Как назло, именно в этот момент свет в здании мигает.

Моя нейро-растяжка, кажется, имеет автономный аккумулятор. Но он изрядно подсел за время штурма помещения (или по его итогам).

Огоньки оборудования, на котором я закреплен, вспыхивают ярко-ярко перед тем, как погаснуть окончательно.

Вслед за ними гаснет и моё сознание.

***

- Бл#!!! — Садатоши взвился в воздух с пола, на котором без затей сидел задницей, обтянутой дорогими костюмными штанами. — Ты можешь что-то сделать?!

Голова пацана, неожиданно лишенная подпитки чем-то-там от стационарного оборудования, резко упала на грудь. Изо рта тут же потекла слюна.

- С хуя-ли?! — зло отозвался товарищ.

Затем, не хуже мастера по киберспорту активировав сразу четыре виртуальных клавиатуры, он закатил мало не симфонию.

- Может, и правда сделать, как он говорит? — отстранённо забормотал Ватанабэ, наяривая целые пакеты асинхронных команд (понять это познаний Садатоши еще хватало). — Вон, растяжка сама отключилась… Мы ни при чём! Нет человека — нет проблемы.
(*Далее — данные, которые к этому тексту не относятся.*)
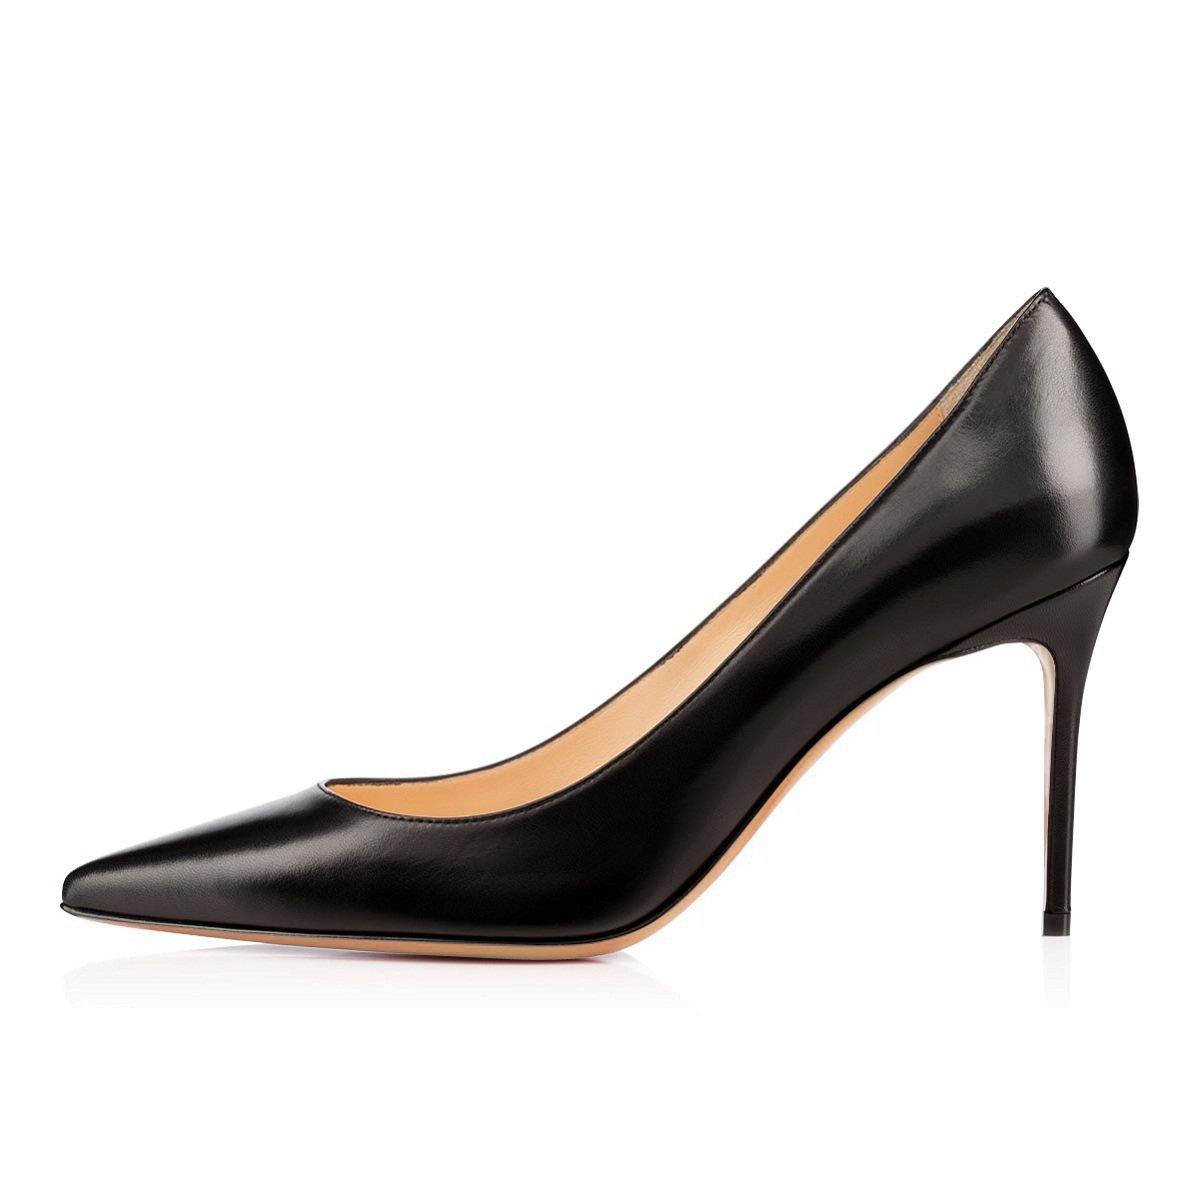 EDEFS Femme Escarpins Talon Aiguille En PU Cuir Verni Classique Mode Soiree Mariage Chaussures

И за бабу его красноволосую поощрений, как воды в душе, будет… Помер и помер…

- Ага. — Покладисто и с отчаянием в голосе согласился инспектор. — Заодно я помолюсь, чтобы он оказался джентльменом. И наши с ним договорённости насчёт будущей совместной провокации Ходзё нигде не оставил. Отцу там, матерям своим, родственникам…

- Да не пыли. Шучу я… — Зло выдохнул старший по званию товарищ и коллега, продолжая сражаться с клавиатурами.

Четвёртую комиссар только что свернул, оставив три.

Голограмма, висящая в воздухе рядом с его служебным комплексом, демонстрировала какие-то сообщающиеся сосуды: из верхнего, под влиянием гравитации, жидкость норовила перетечь в нижний.